I liken it to two cars crashing into each other at high speed and in fact we would refer to them as ‘Big Bang Merges’. Two or more teams of people working on what started out the same, have now evolved their code into something that’s remarkably different. When those two objects which are no longer the same shape attempt to occupy the same space, the universe tries to correct this impossibility with explosive results. It’s much easier to grow the two code bases at the same time. It can often feel slower to develop software like this, but the alternative has the slow-down in a different place, and has the nasty side-effect where bugs can be introduced and go unnoticed more easily.
An agile board
Just to go a wee bit sideways here, in that the rest of the talk is about tools to get your code in order. The agile board is the one piece of infrastructure that really only exists in an agile environment. It needn’t be a fancy 60” touchscreen hooked up to the latest in Agile software. It might be a spare bit of wall with some post-its attached.
– Makes work visible
- Shows to yourselves when work is taking longer than it should. “It’ll be done by next standup” 3 days in a row.

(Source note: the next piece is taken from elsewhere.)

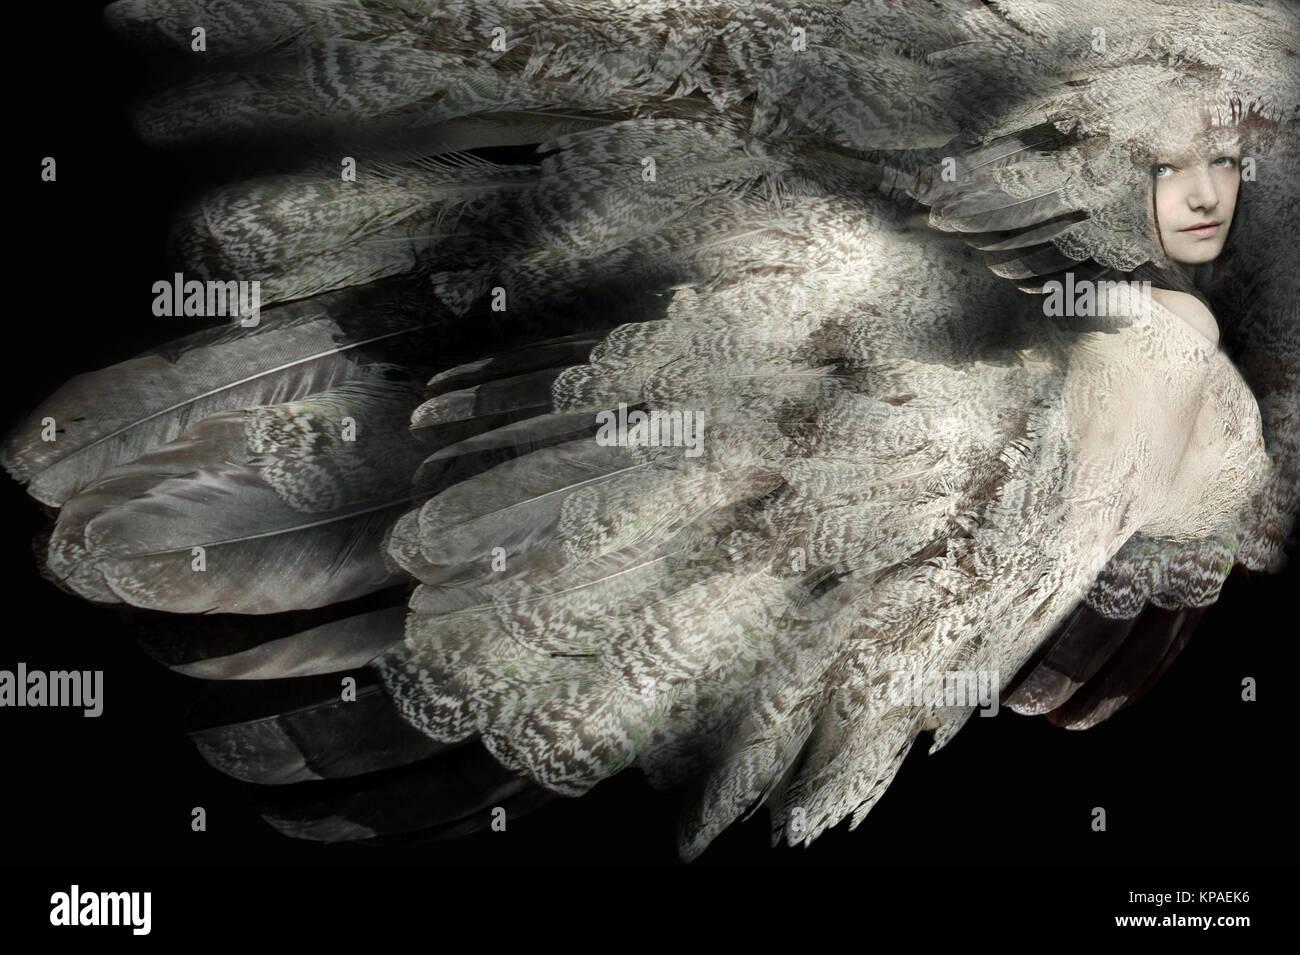 Beau portrait artistique d'une jeune fille avec leur plumage Photo Stock

- It is a nice feeling being able to see something physical moving across the board. Software is never finished and it’s very easy to forget what you’ve accomplished, so having a thing represent completion for you is reason enough to have it. Having that accomplished feeling is a good feedback mechanism for developing a rhythm of delivering on time.
- When it’s a web-based tool, it makes working remotely a bit easier. As someone who worked in the European timezone for around 6 months, I can tell you that it is a good start for communicating the bare minimum about who is working on what and what is available to pick up next. But if you’re all working in the same room, then the post-its are just as effective.

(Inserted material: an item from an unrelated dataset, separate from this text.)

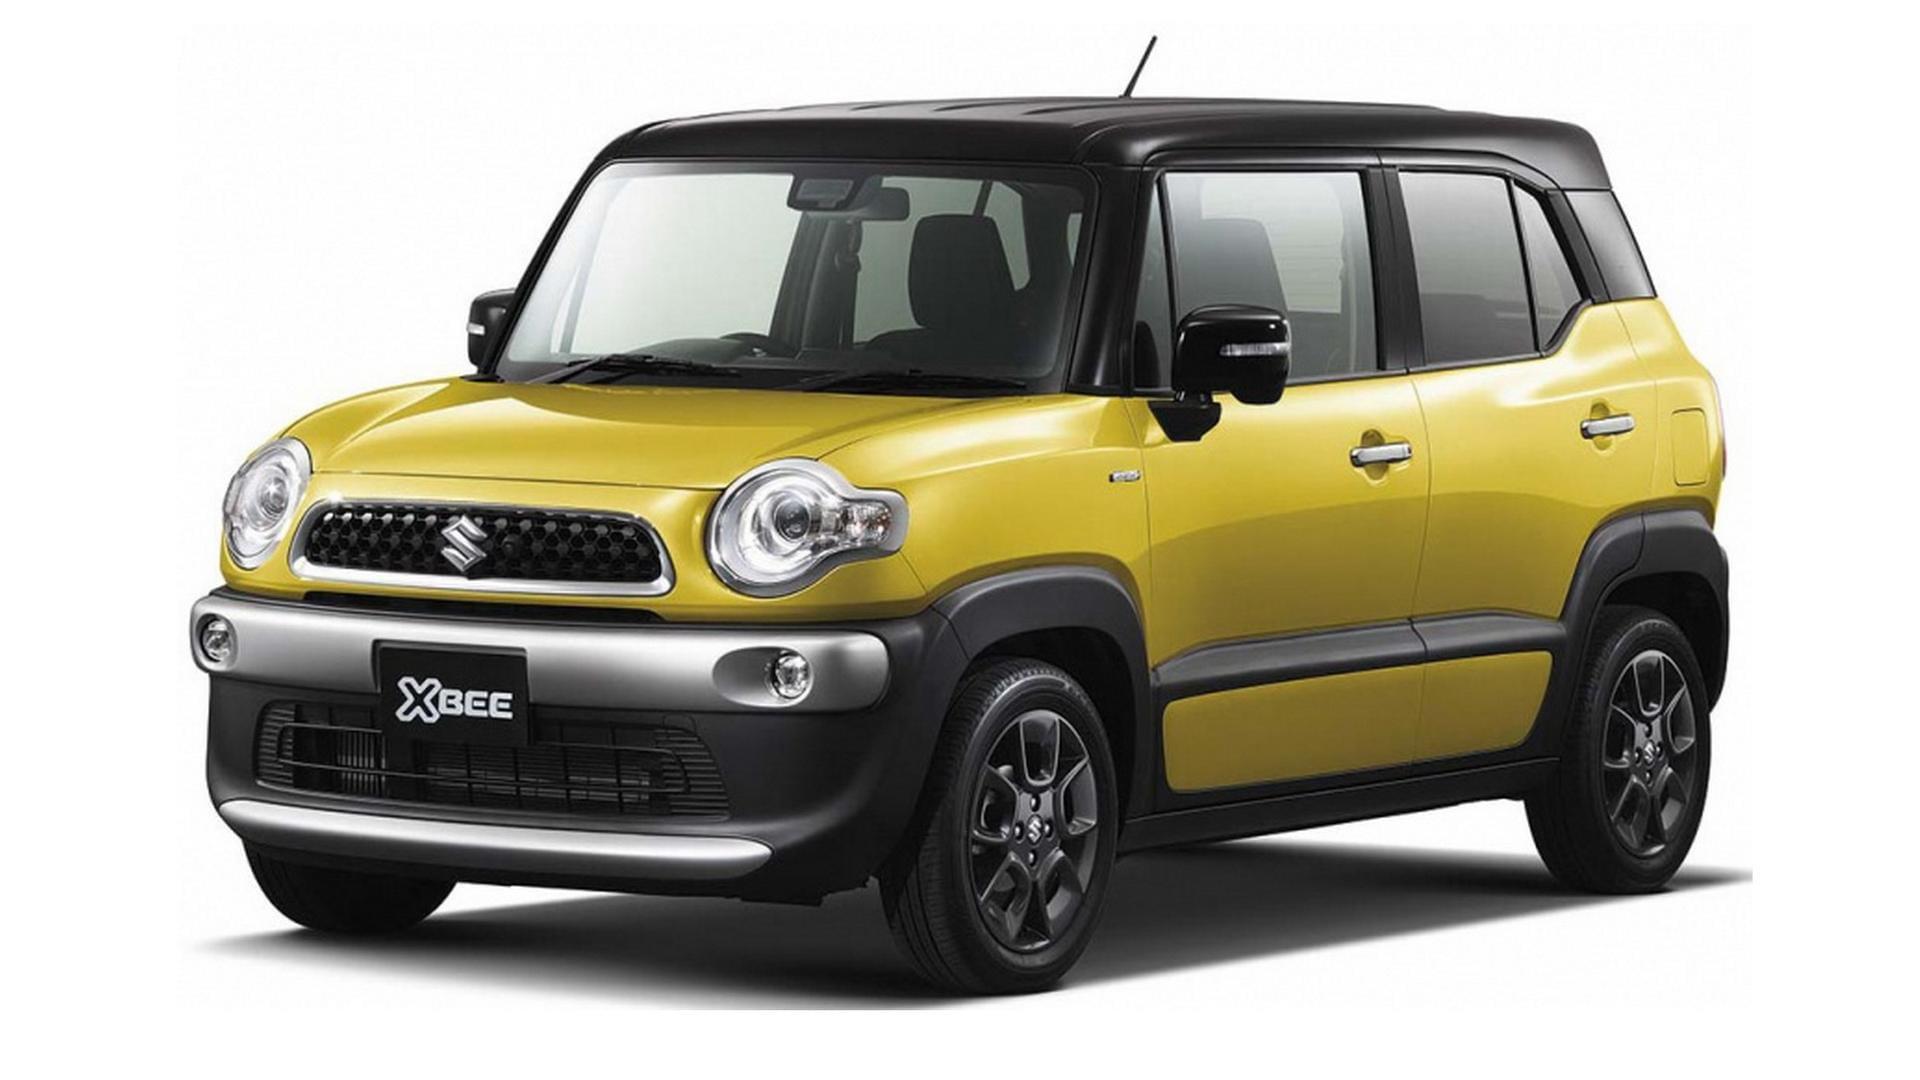 将在东京车展亮相 铃木Xbee概念车发布

- It provides a bit of marketing to the rest of the company. If the big-wigs walk past and can see you’re doing something totally awesome, it helps them to think good things about your team when making decisions. In my experience, it doesn’t go the other way. They see even mundane work as “necessary”.
- It greases the wheels of a large company. Project Management can look at this board and see what’s happening right now without needing to interrupt the developers actually working on it. Or they can raise a task on the backlog, knowing that the developers will likely need to investigate it a bit more themselves before they are ready to have a proper conversation about it.
If you’re looking for Free Agile Software to use on your projects, then I recommend Trello
Conclusion
Version Control, Continuous Integration, and One Step Builds are parts of the agile infrastructure because they have some common themes. They allow us to respond more quickly to change, whether that’s change in the code, change in the requirements or a change in the thinking of a team member and they help us to oil the wheels of delivering value.
But the most important aspect of agile infrastructure is something that I’ve hinted at throughout the talk and that is Team Culture. If your culture allows broken windows, or code manufactured to bypass continuous integration (doesn’t have tests) or doesn’t allow the team to jump in to help someone who is struggling on a task that we all thought would take an hour and has ballooned to 3 days, then all the 60” touchscreens in the world won’t save your project from failing. Agile Infrastructure are some tools – it’s up to you to use them effectively.
I should point out – this was originally written as a Guest Lecture for a group of 3rd year students at university. Also, I’ve broken my rule of not changing it (except for typos / spelling mistakes, etc) after posting originally. This is because I will be giving the talk on June 5th, so I’ve been revising it and have added about 10% more content.
This post, now with 10% more awesome.